*DATASET EXCERPT*:
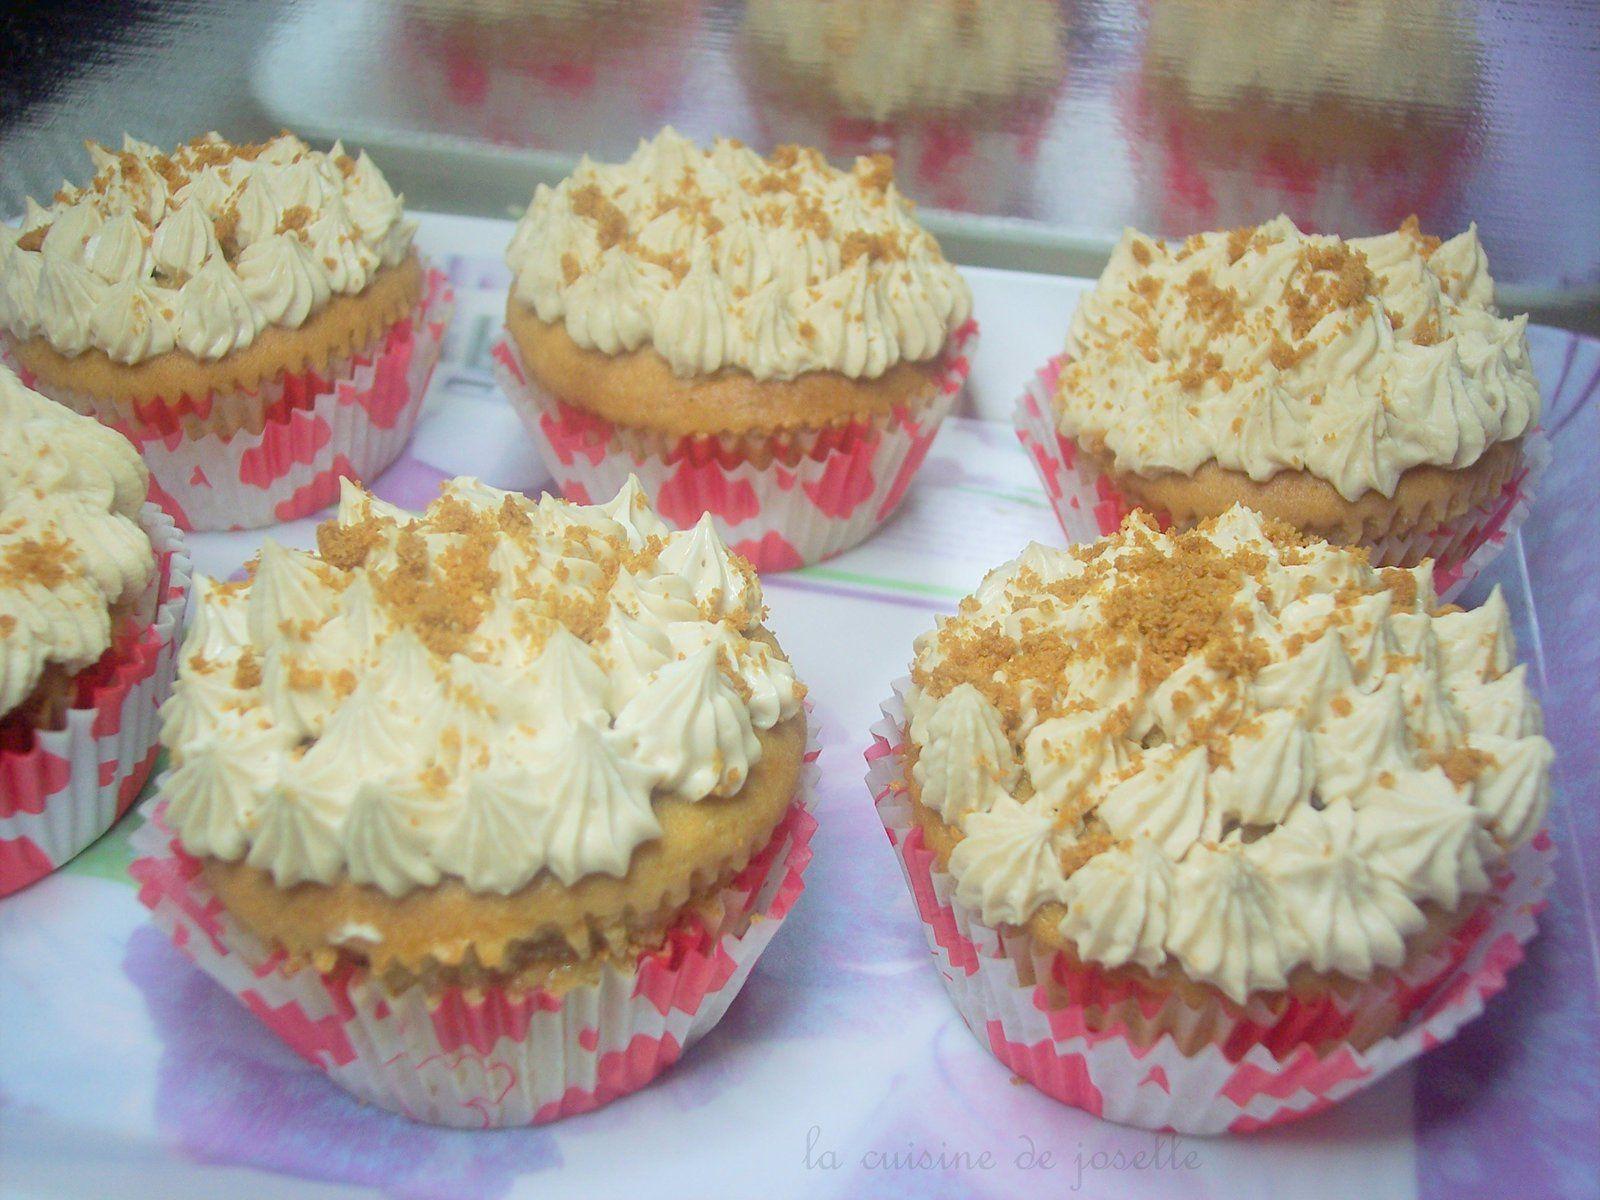 cupcake au speculoos,coeur de framboise
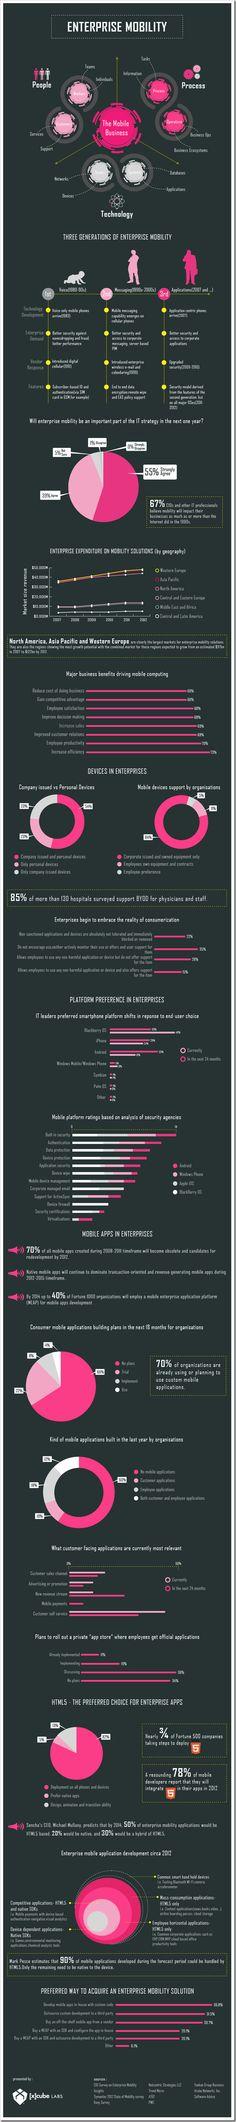 Enterprise Mobility. #BYOD #EnterpriseMobility #Infographic #Security
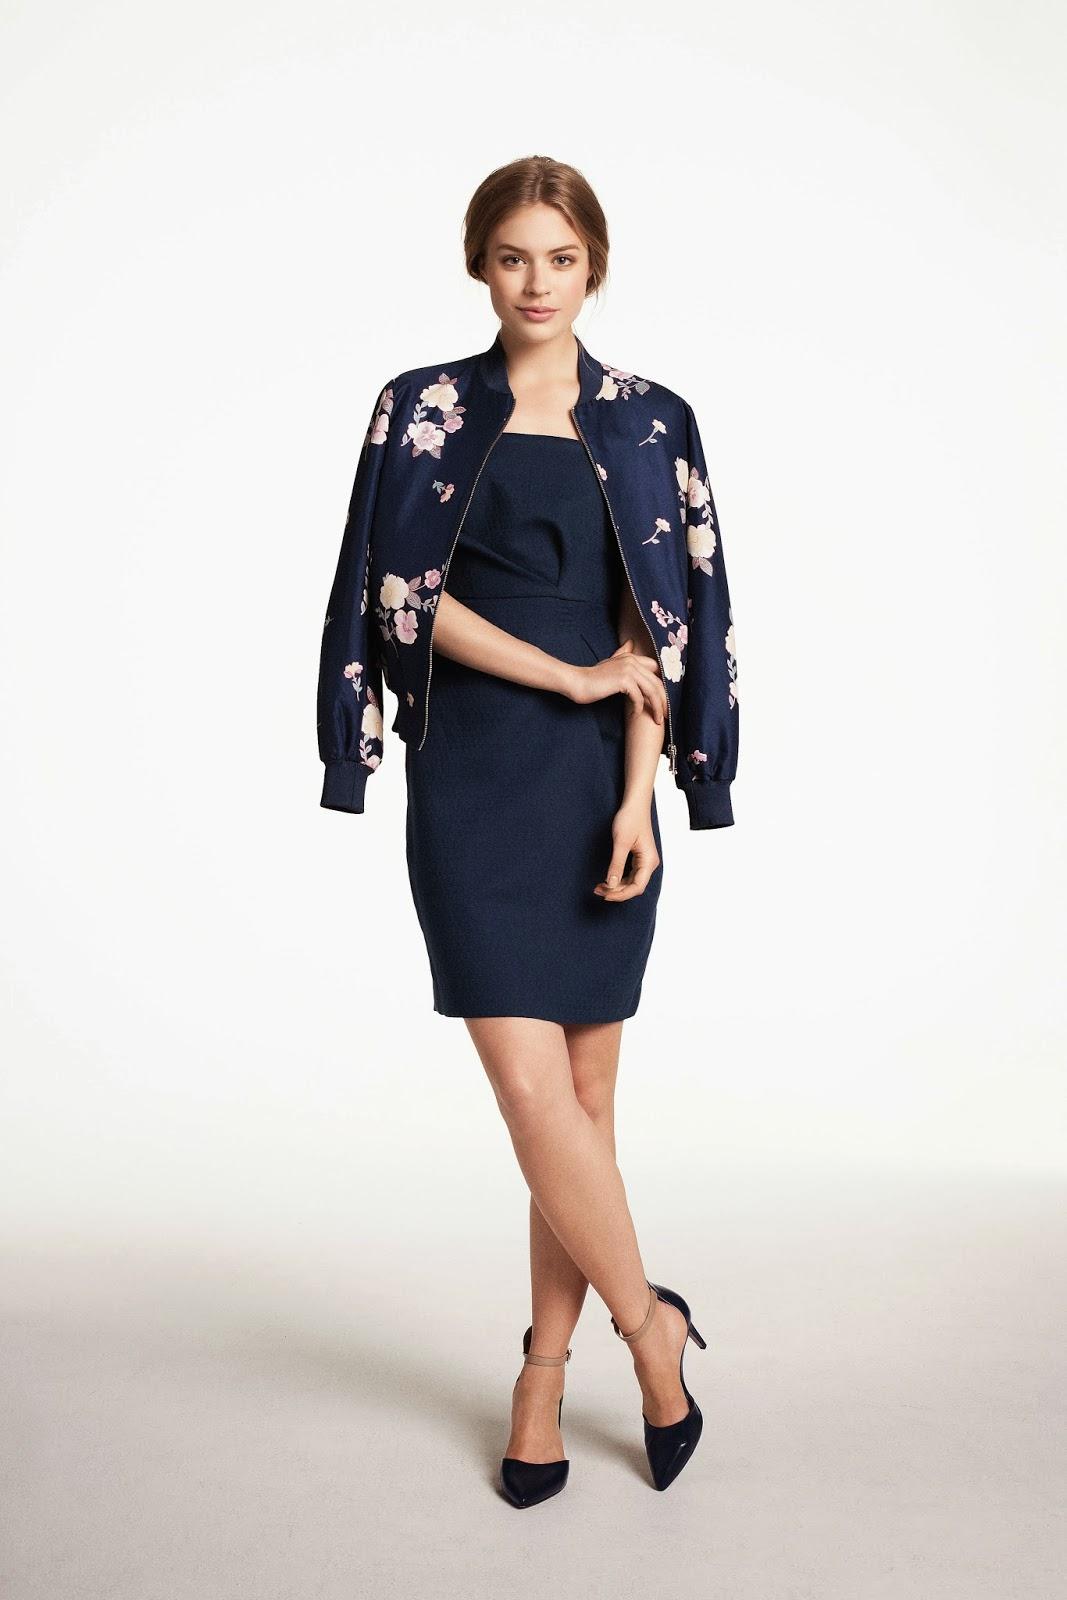 laurus fashiontipps gant women im fr hling sommer 2014 moderne und elegante outfits im stilmix. Black Bedroom Furniture Sets. Home Design Ideas
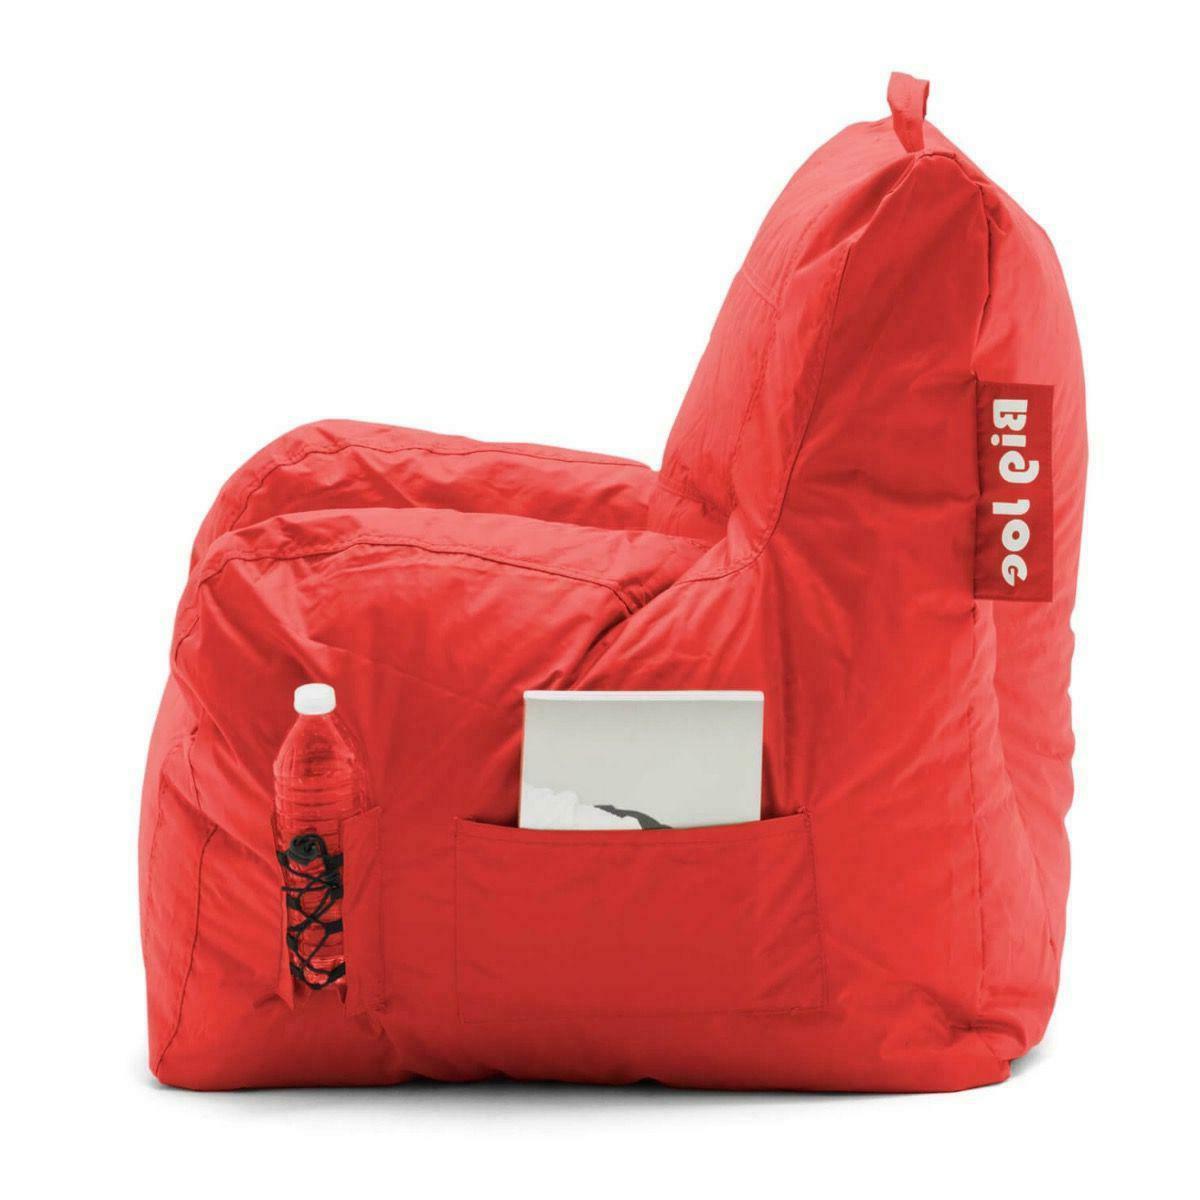 Chair Comfort Waterproof Kids Adults

*WHAT THIS TASK INVOLVES*:
Reproduce the listing exactly, but keep its images out of the copy.

*EXERCISE RESULT*:
 cupcake au speculoos,coeur de framboise
 Enterprise Mobility. #BYOD #EnterpriseMobility #Infographic #Security
 laurus fashiontipps gant women im fr hling sommer 2014 moderne und elegante outfits im stilmix. Black Bedroom Furniture Sets. Home Design Ideas
 Chair Comfort Waterproof Kids Adults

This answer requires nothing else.